The biplots in Fig. 8 correspond to dictionary PCA and similarly show the magnitude and sign of each dictionary element’s contribution to the largest two principal components. The figure axes are kept identical to the respective axes in Fig. 7 to facilitate comparison of the LAPP versus non-LAPP case. A visual analysis of the biplots indicates that the two dictionary learning methods seem to capture the training data information in different ways, as evidenced both by the different shape of the radial dependence of dictionary samples with respect to the first two principal components (i.e., relative lengths of the vectors), as well as by the respective distribution of the scores. A more direct comparison of actual vector lengths in the biplots is difficult, largely due to the matrix-specific PCA variable scaling. In the LAPP data case, Hebbian learning appears to lead to dictionary elements more similar to the training data, whereas in the non-LAPP case, the K-SVD dictionary appears more similar to the training set. This can possibly be explained by considering (a) the respective degree of similarity in the two training datasets (i.e., LAPP events are highly repeatable or self-similar, whereas the non-LAPP lightning events are very different one from another) and (b) the type of dictionary updates over the training set (i.e., sequential, or with “short memory” in the Hebbian case versus aggregated, or with global memory in the K-SVD case).
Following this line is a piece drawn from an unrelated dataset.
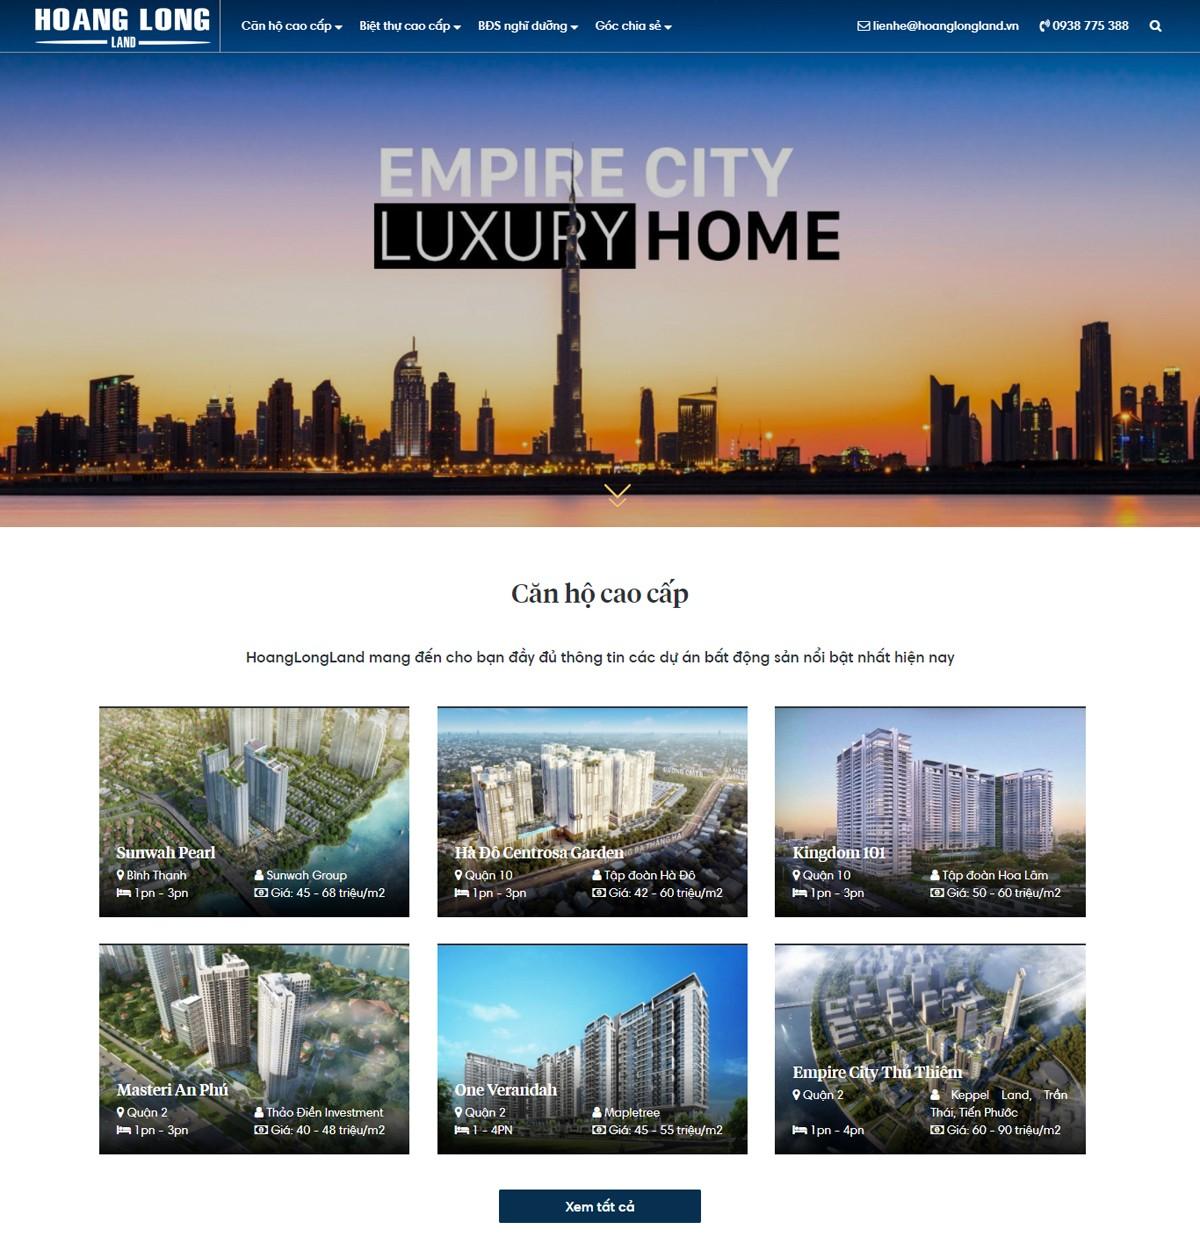 Thiết kế website BĐS cao cấp tại HWP.com.vn
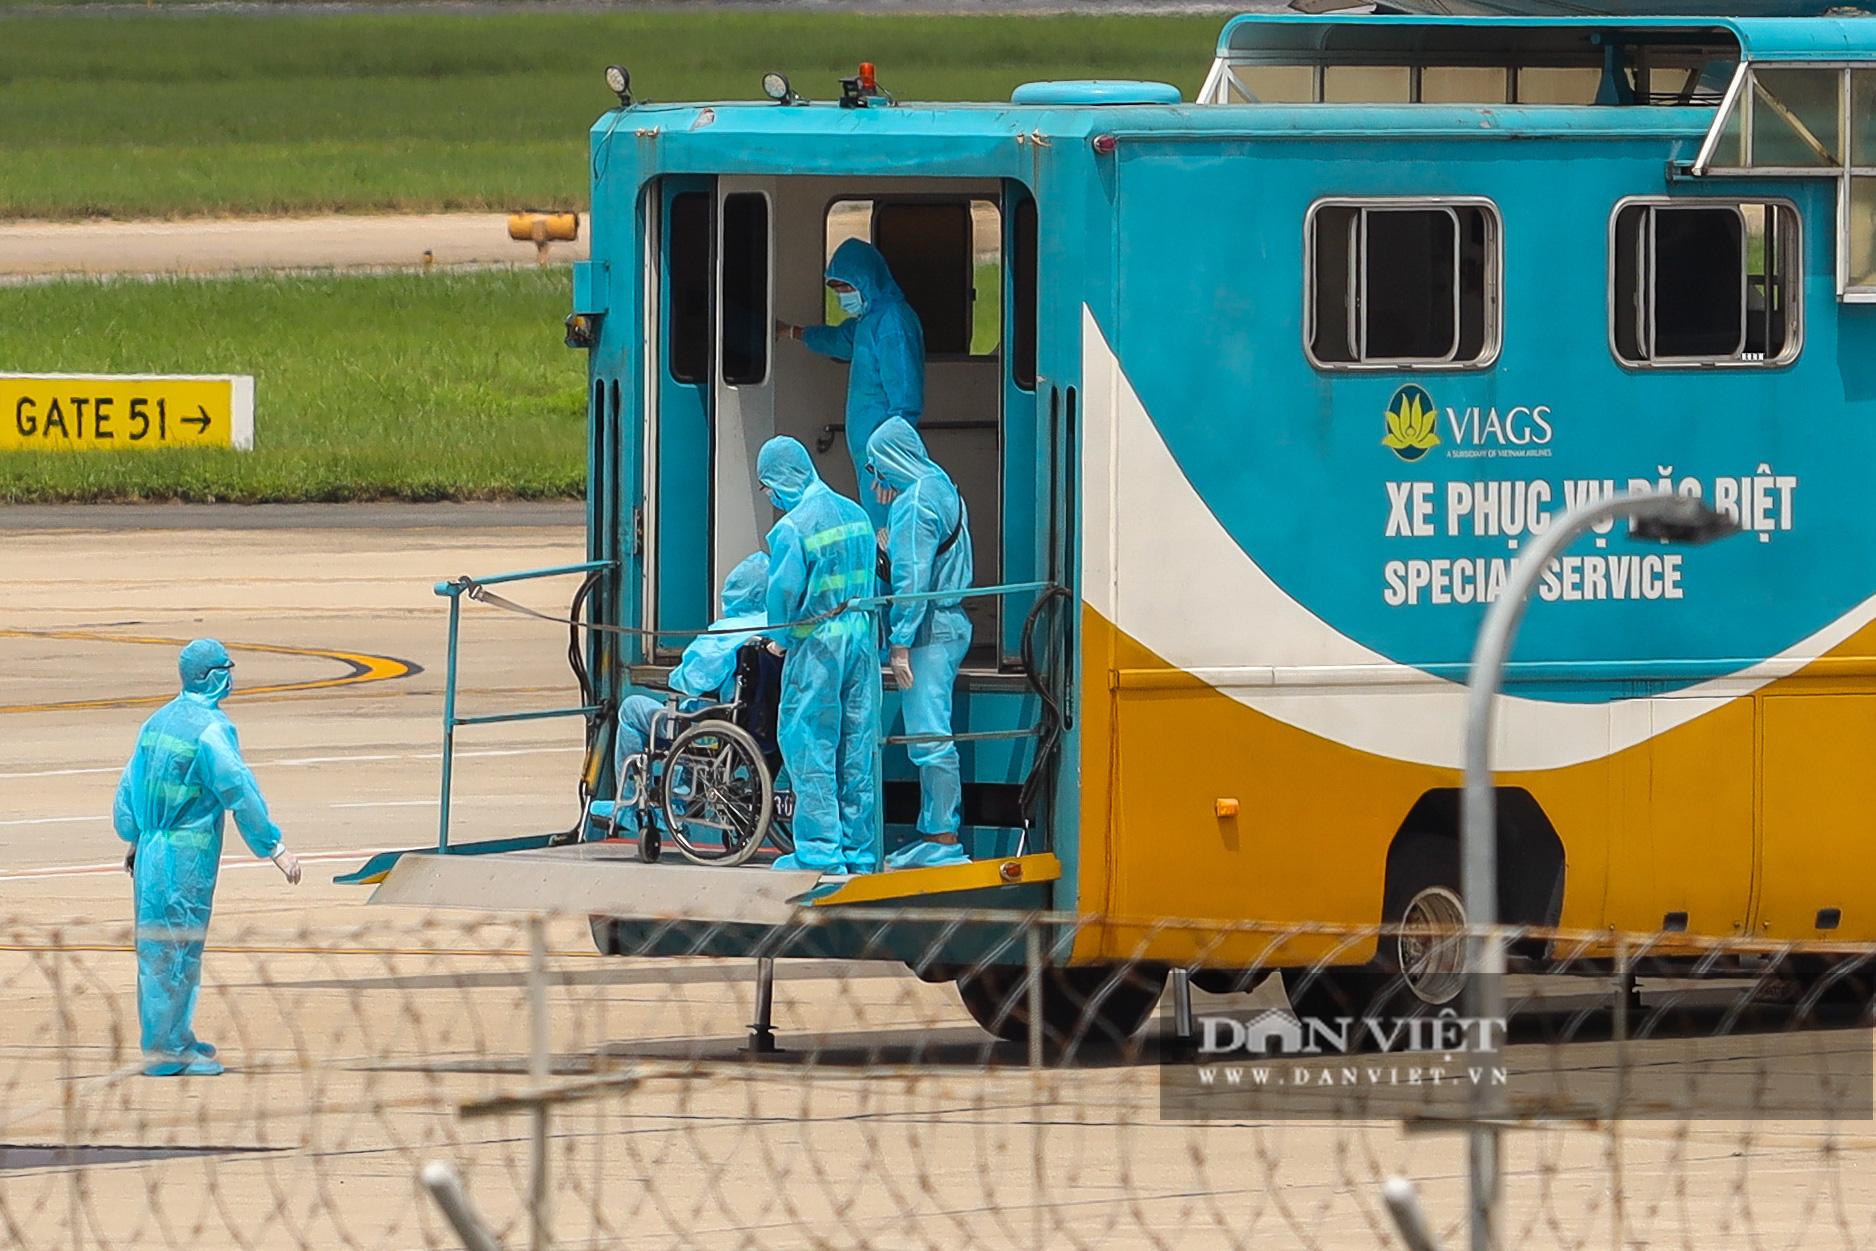 Chuyến bay đặc biệt đưa 207 người mắc kẹt ở Đà Nẵng về Hà Nội - Ảnh 7.

The PCA indicates that there is a high degree of variability present in both LAPP and non-LAPP training data sets, as expected, and the underlying data spaces may be quite large in dimensionality. Compounded with the analysis of the learned dictionaries, it suggests that larger dictionary sizes might be needed for time-domain analysis than those studied in this paper to adequately capture the variability in the training data space.

## 6.

## Conclusion

This paper extends two established dictionary learning techniques to satellite RF lightning classification using FORTE recordings. We highlight the many challenges offered by this real RF dataset and present preliminary comparative results for a reduced set of dictionary learning parameters and data preprocessing options. We apply domain expertise to extract adequately sized labeled training sets to learn dictionaries specific to individual RF event classes. We use a two-class scenario designed to distinguish between LAPP shots and real lightning events, suggesting that event-specific dictionaries of sufficiently large size could be used for discrimination using a nearest subspace classifier. We evaluate classification performance as a metric to quantitatively compare the two learning methods for our application and illustrate performance improvement using a novel mixed dictionary type approach. We also provide a subjective interpretation of principal component decomposition to help guide the research efforts toward parameters leading to meaningful future learning. While this comparative study did not conclusively establish one method’s superiority compared to the other for the specific problem and data set under consideration, it nonetheless suggests that dictionary learning techniques are suitable for real RF data processing and classification. Additional sensitivity studies of the method parameters would be needed both to improve upon each individual method’s classification performance and to enable further comparison.

## Acknowledgments

This work was sponsored by the Department of Energy / National Nuclear Security Administration.

## References

## Biography

**Daniela I. Moody** is a scientist on the Machine Learning and Data Exploitation Team in LANL’s Data Space Systems Group. She received her PhD in electrical engineering from the University of Maryland, College Park, in 2012 and has been at LANL since 2006. Her current work focuses on developing improved feature extraction algorithms that combine adaptive signal processing with compressive sensing and machine learning techniques.

**Dave A. Smith** is a research and development engineer in the Space and Remote Sensing Group (ISR-2) at Los Alamos National Laboratory. He received his PhD in electrical engineering from the University of Colorado, Boulder, in 1998. He has worked at LANL since 1989. He currently leads a space instrumentation development project.